The world is prejudiced towards both genders, but dare you be a strong woman fighting to stand tall in this man’s world (yes I call it that, and yes I agree with what they show in Pink). People (men & women), the try their best to prehend every opportunity at resplendence you have. Embattling stereotypes is an everyday fight, fought against almost everyone you know. You work to earn money, to lead a comfortable life and earn an identity (not in preferential order for all). We work for & towards these, and in whatever quantity these are achieved are never enough (not for middle class people atleast). You earn enough to plan an international holiday every year but not enough to quit your disappointing job, till something good comes along. There is this set of queer values we are gifted along with the traditional cutlery, as we grow up. These are suggestive of how you should lead your life towards satisfying retirement. This involves everything to do with achieving and overachieving at academics, work, and marriage & beyond; but the sign of satisfaction hasn’t hit my cords yet.

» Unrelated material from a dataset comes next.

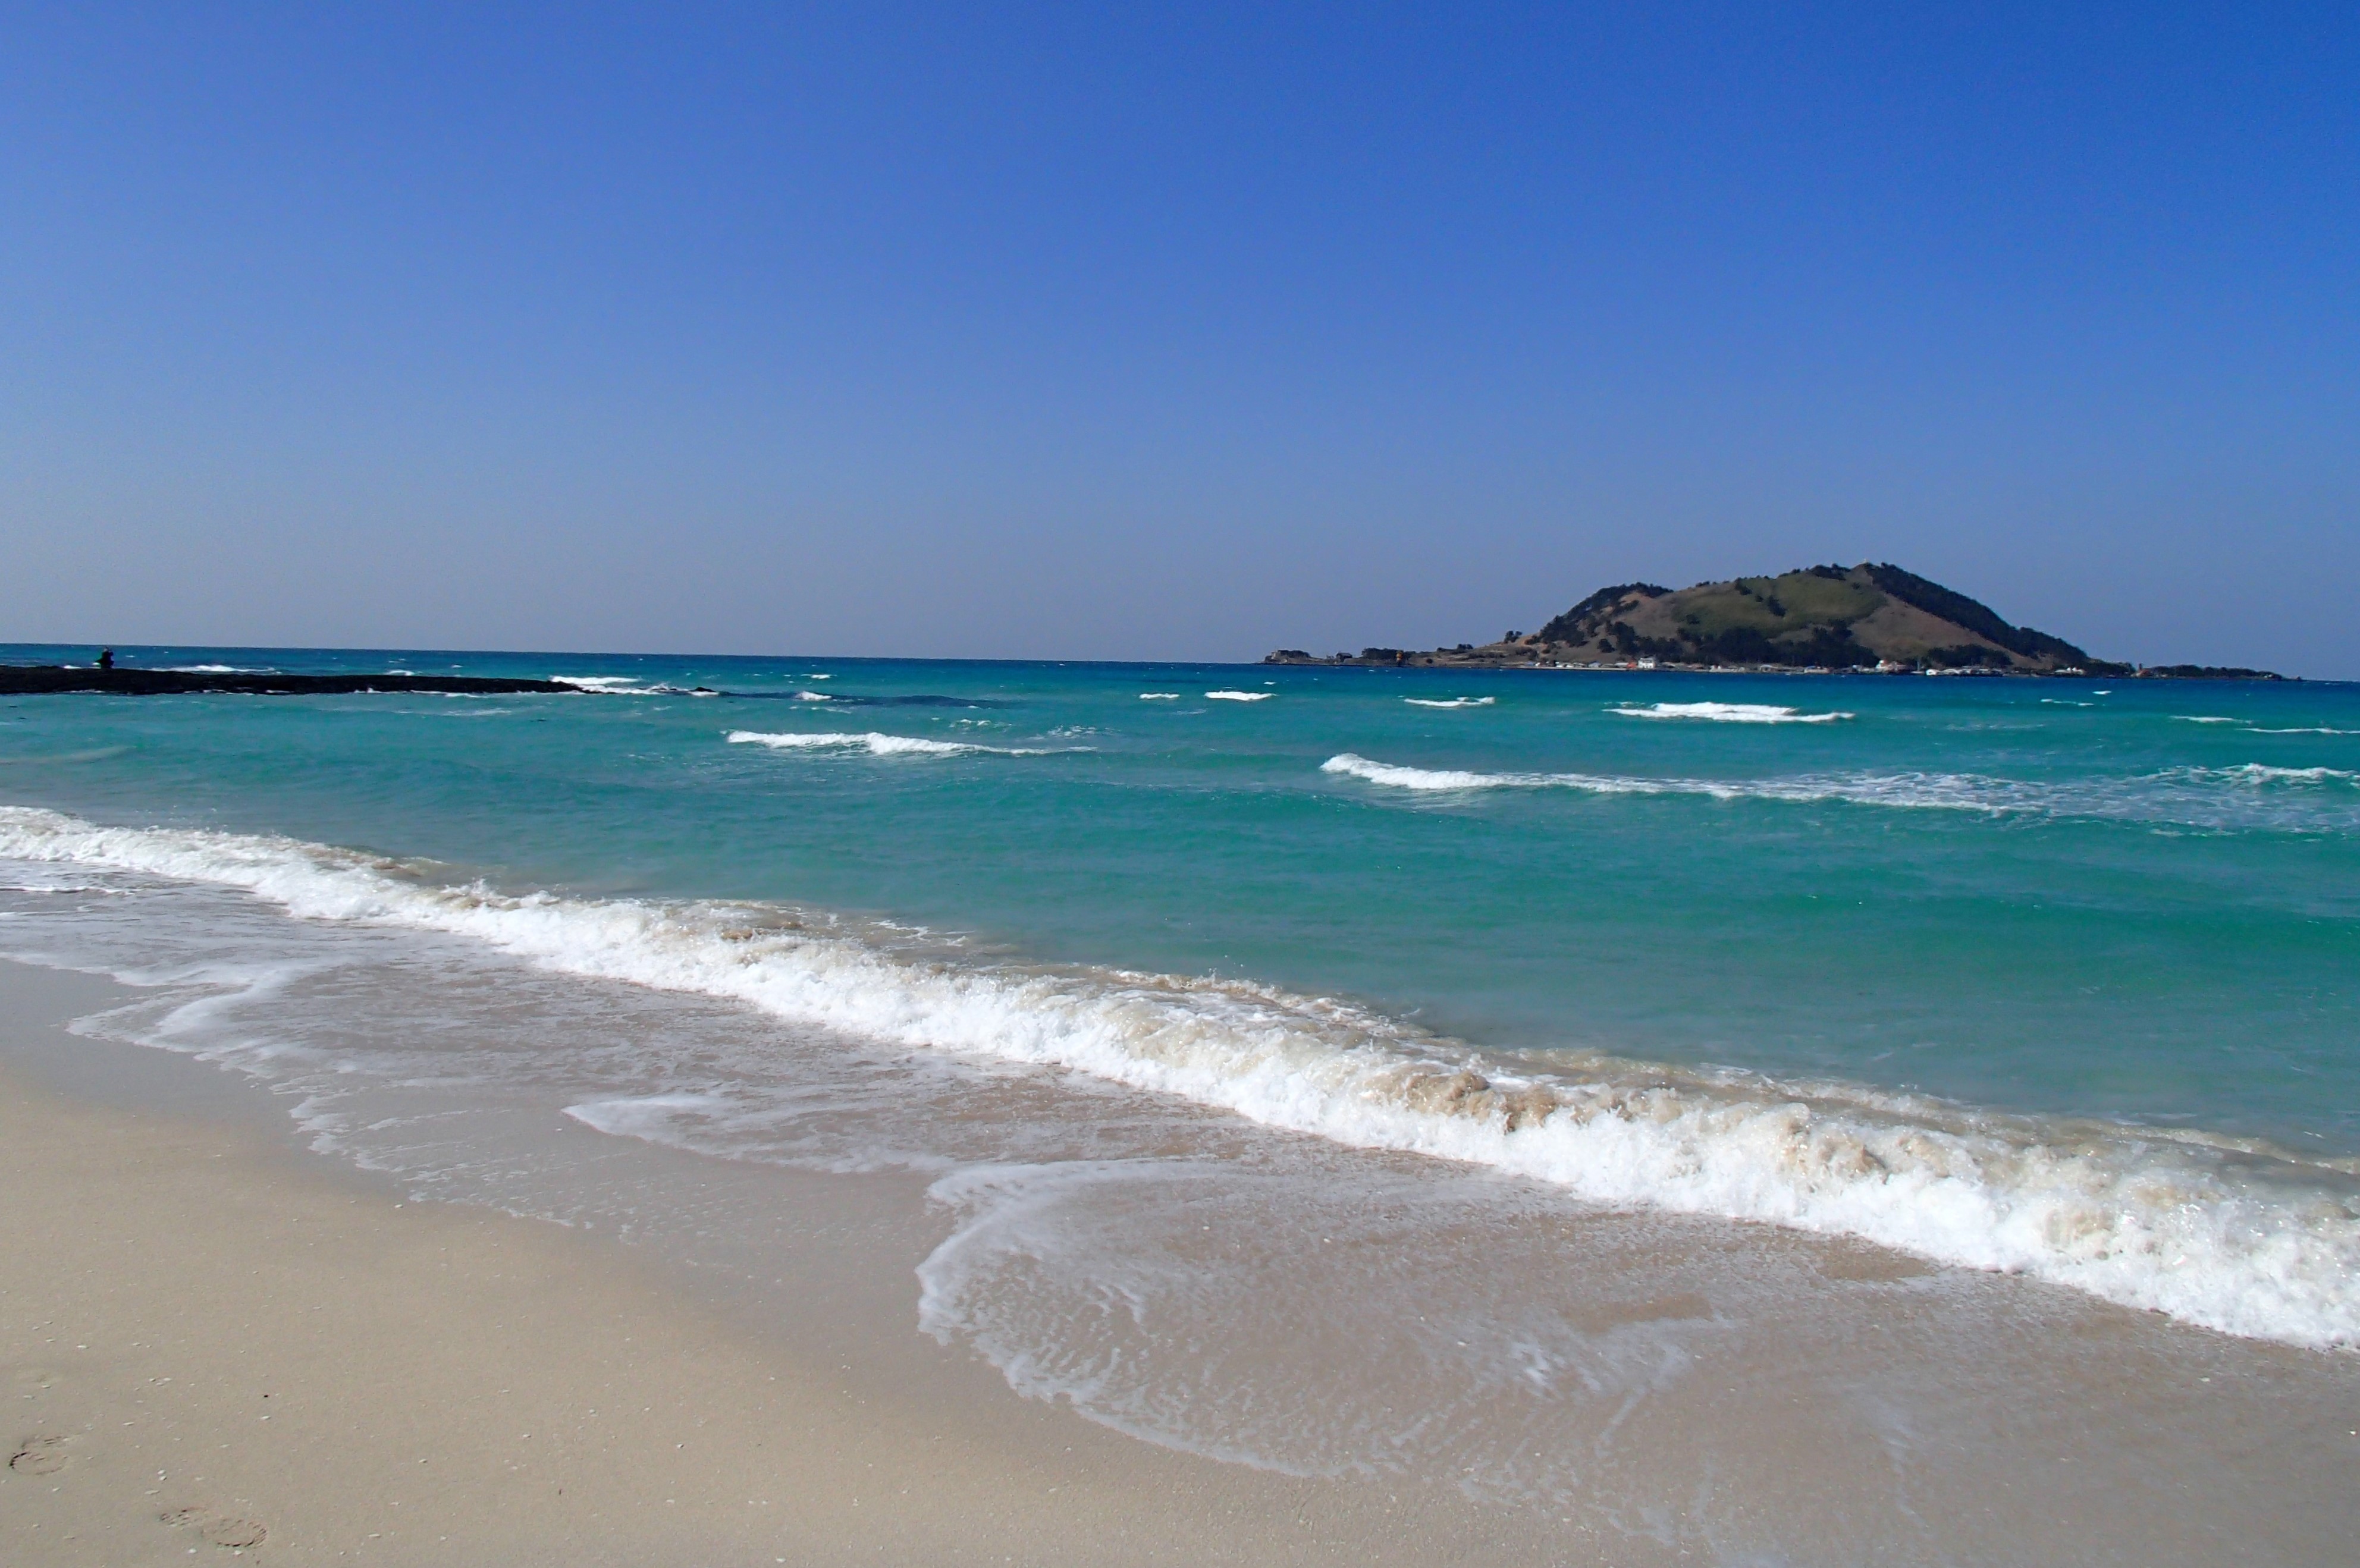 Bãi biển Hyeopjae với làn nước xanh lấp lánh

The day with my rants comes to end (not because I am pleased at myself, rather tired of my screed monologue), and the struggle with traffic begins. There are other species of my kind, peering through the glass windows; those fatigued eyes behind driving wheels fight another war to reach the other end of the battleground. All I see by now is bed, the alluring sleep where I dream of satisfaction that comes without stagnation. There are no battles, no hypocrisy, and no forced niceties. You dream to laugh, that axenic, unadulterated laugh, I can’t remember when I laughed so much till it pained to laugh. This is the favorite time of the day, six hours of sheer bliss, where I am just me, till I hit the snooze button again.